| ASSIGNED TASK |
Write out again, unchanged, the line that has "1874 MANIFESTO CATANIA" and each following line through the end of the entries below; leave pictures out.

[Stored records]
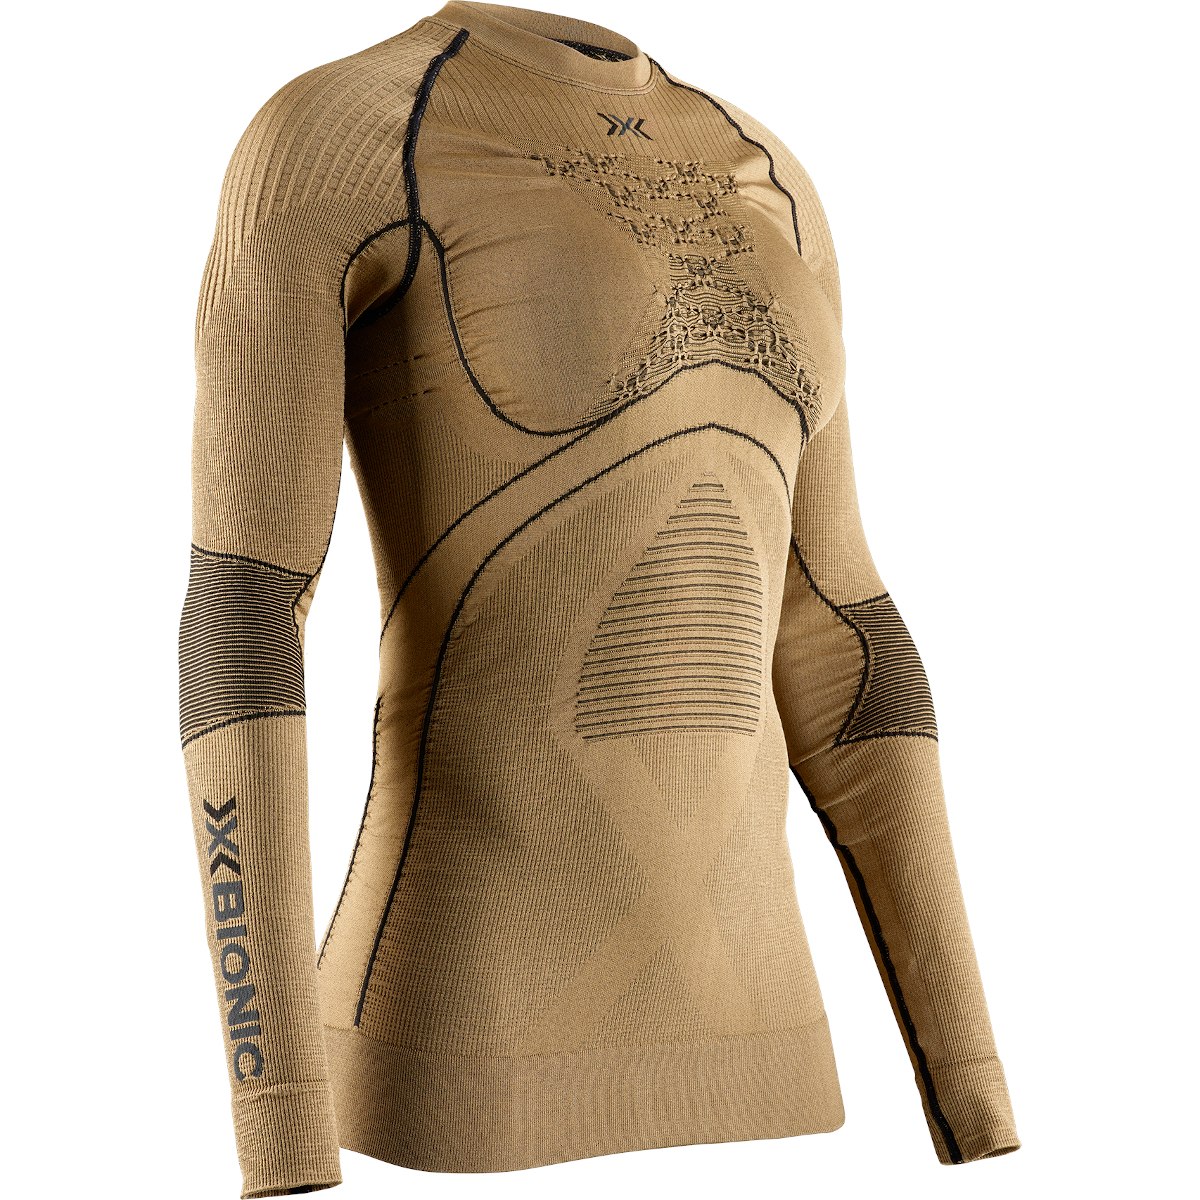 Produktbild von X-Bionic Radiactor 4.0 Rundhals Damen Langarm-Unterhemd - gold/black
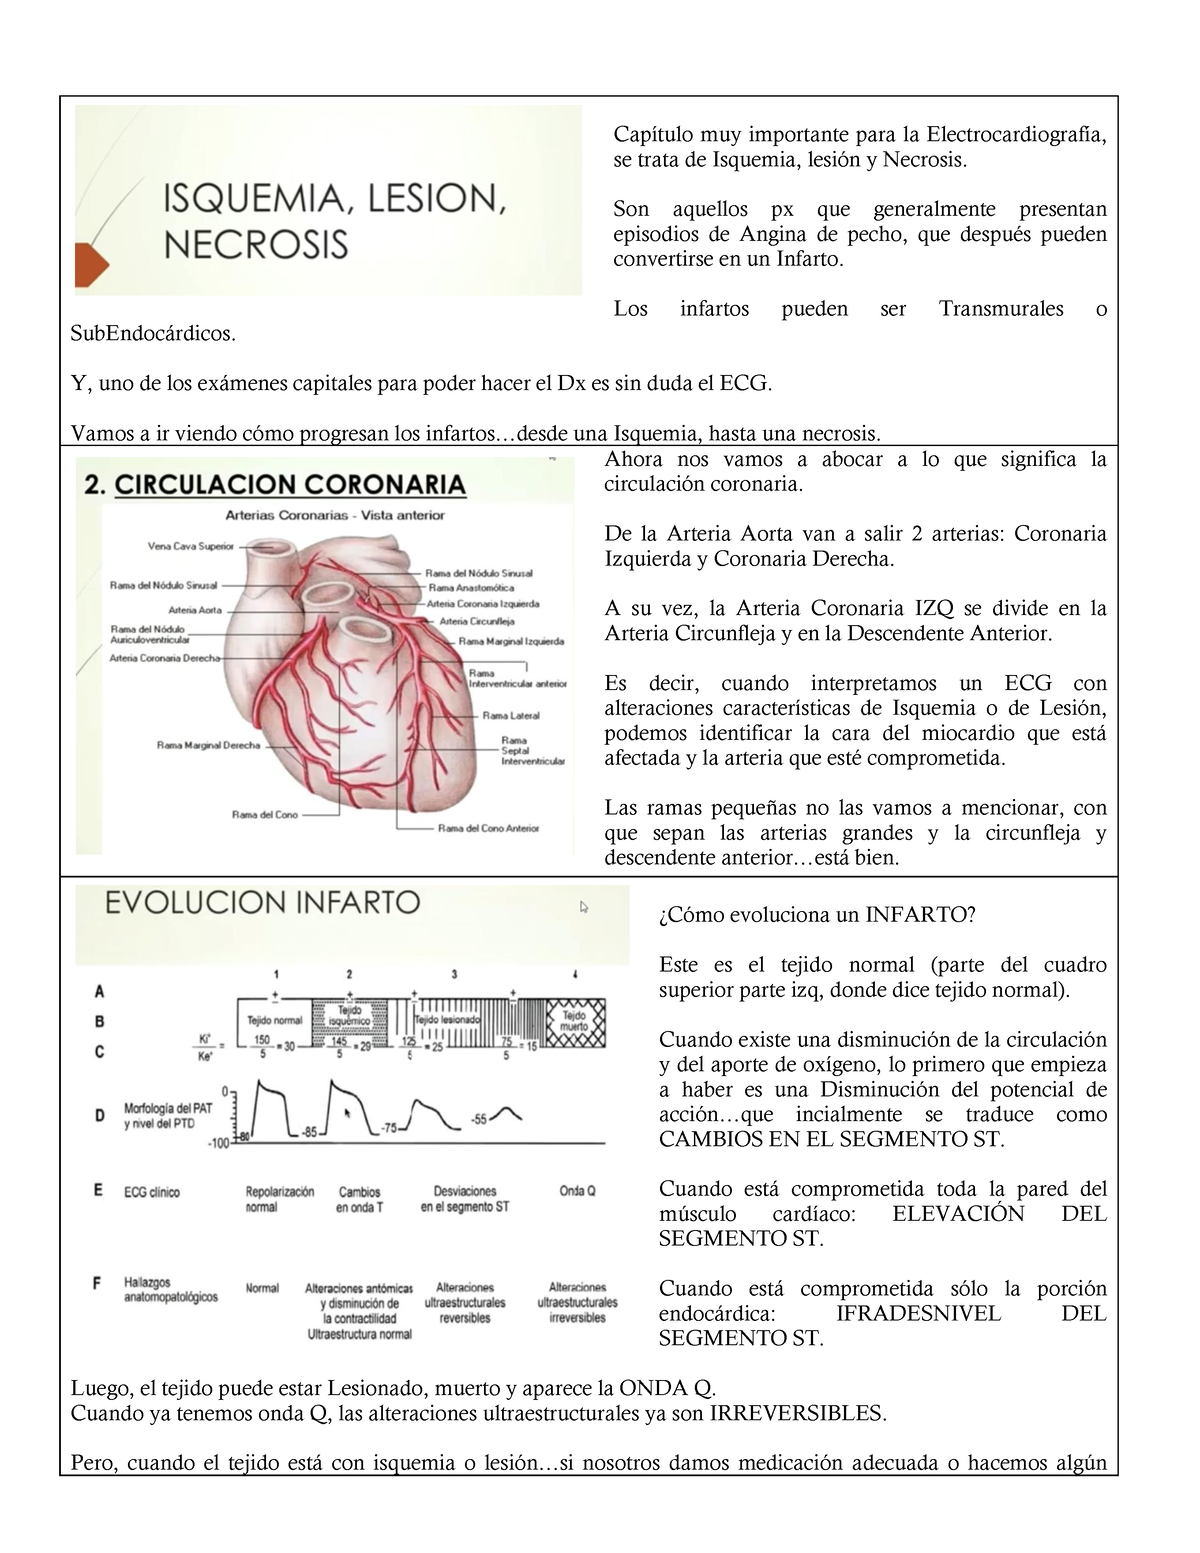 Isquemia Lesión Y Necrosis Capítulo Muy Importante Para La Electrocardiografía Se Trata De 9133
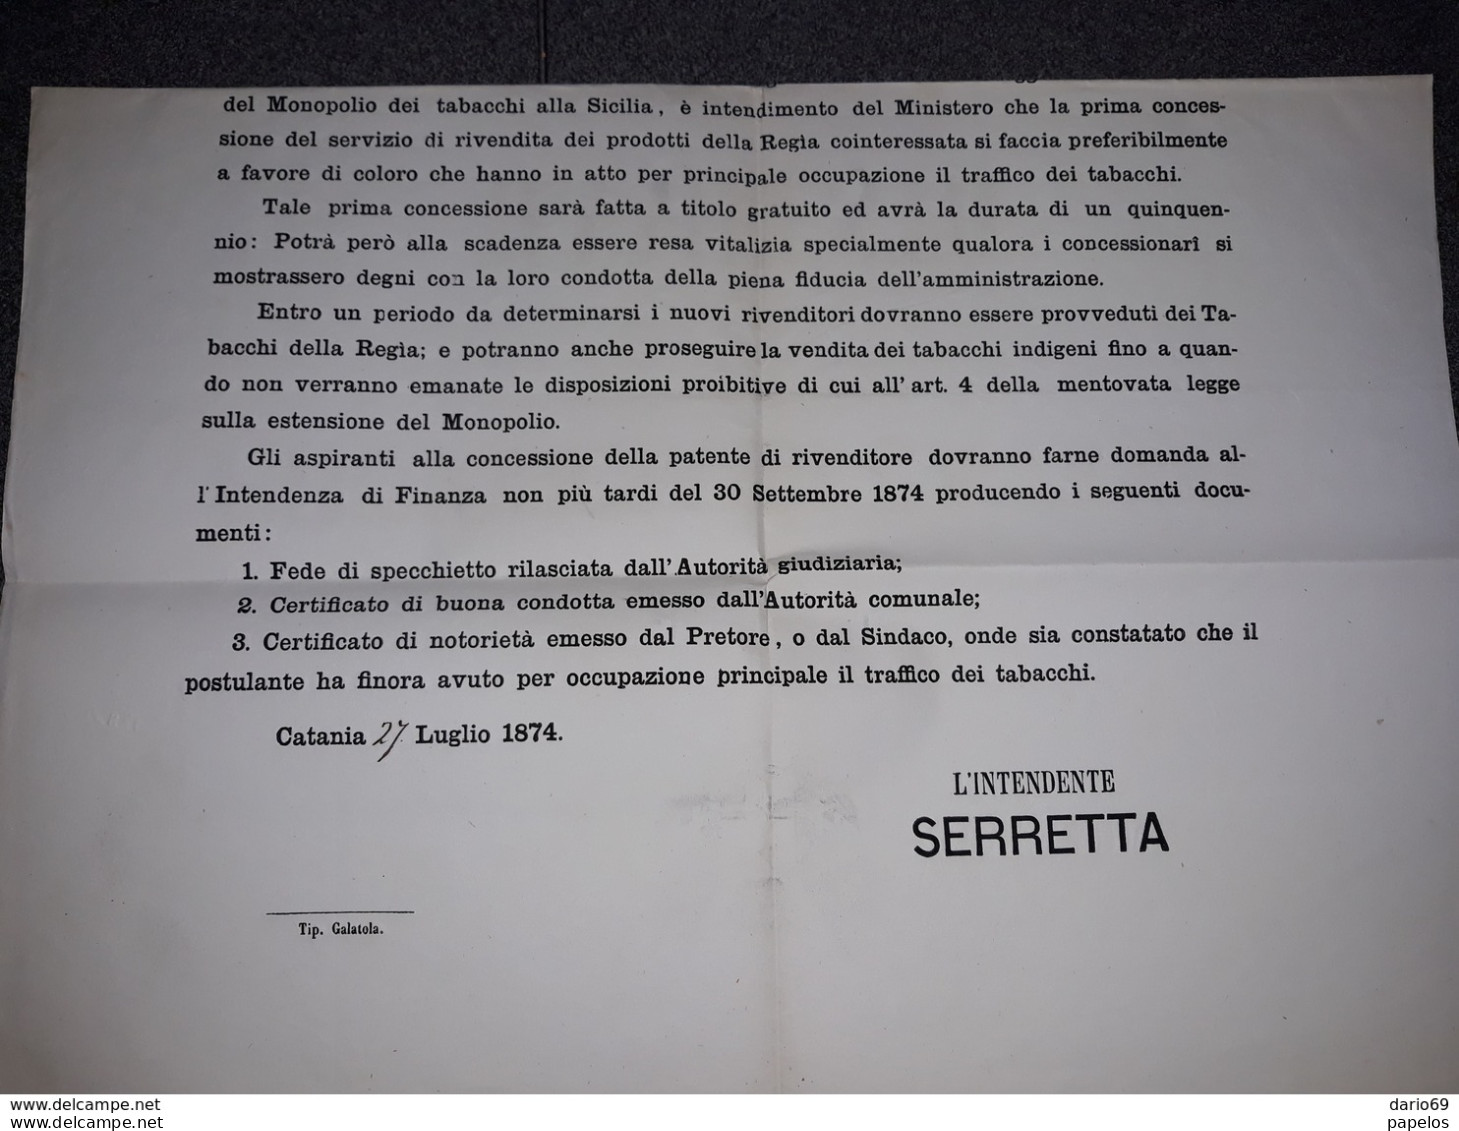 1874 MANIFESTO CATANIA  ESTENSIONE DEI MONOPOLI DI TABACCHI ALLA SICILIA - Historical Documents
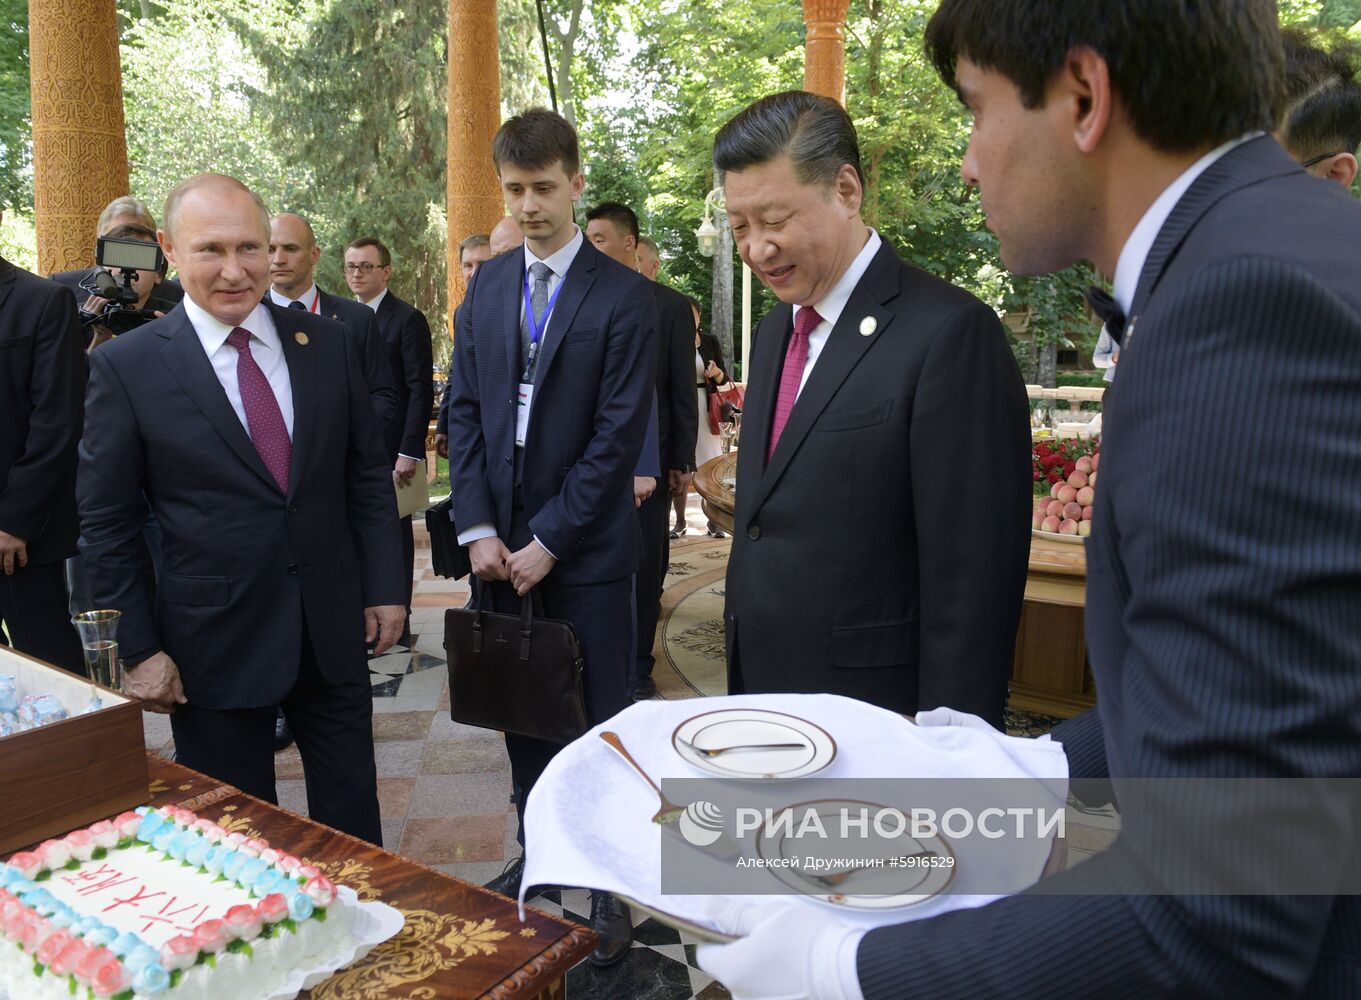 Рабочий визит президента РФ В. Путина в Таджикистан для участия в СВМДА
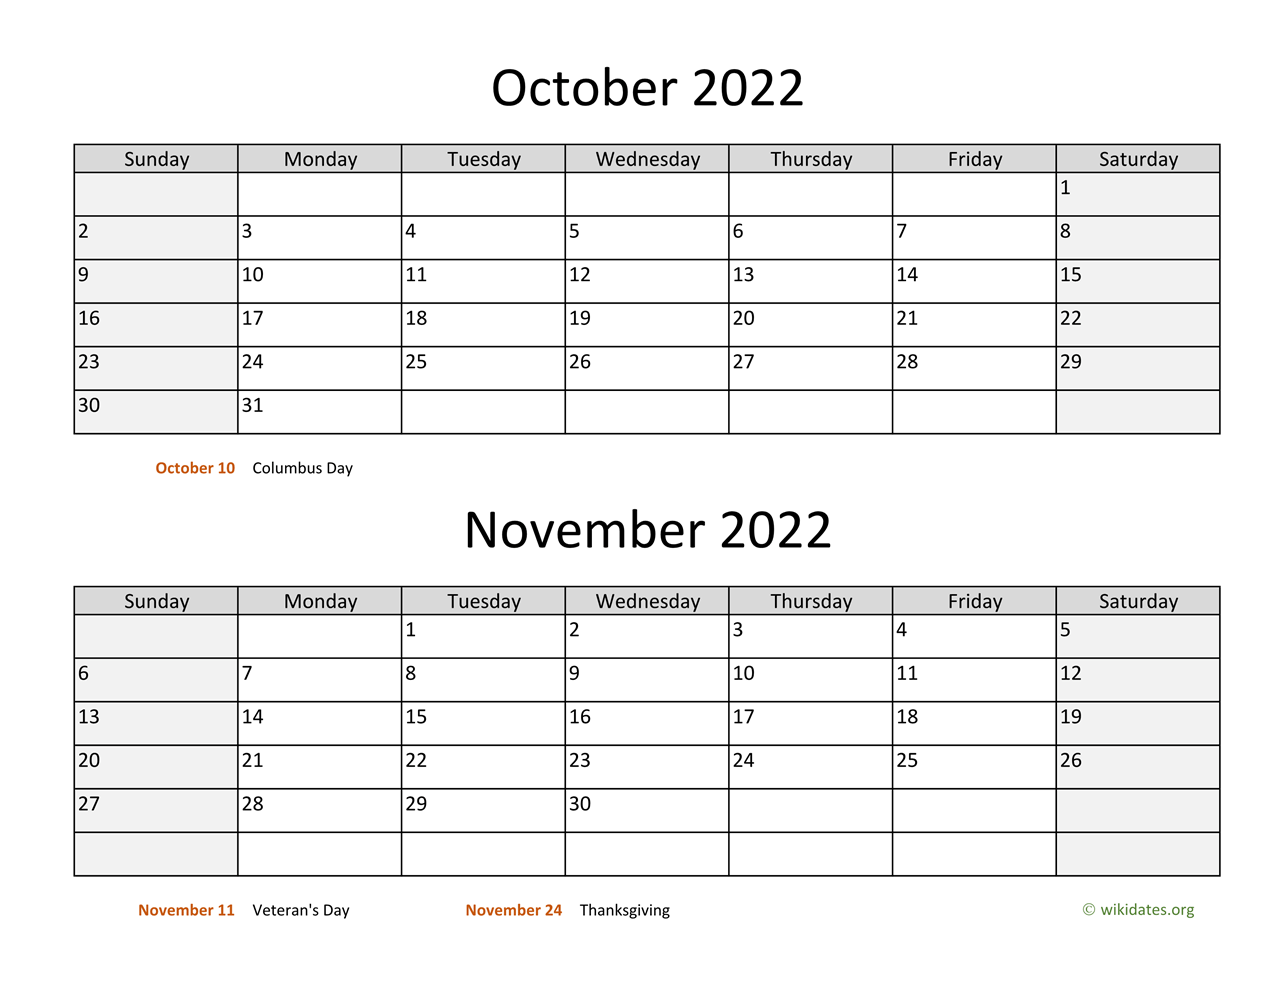 October And November 2022 Calendar October And November 2022 Calendar | Wikidates.org

| RESPONSE FOR THIS EXERCISE |
 1874 MANIFESTO CATANIA  ESTENSIONE DEI MONOPOLI DI TABACCHI ALLA SICILIA - Historical Documents
 Рабочий визит президента РФ В. Путина в Таджикистан для участия в СВМДА
 October And November 2022 Calendar October And November 2022 Calendar | Wikidates.org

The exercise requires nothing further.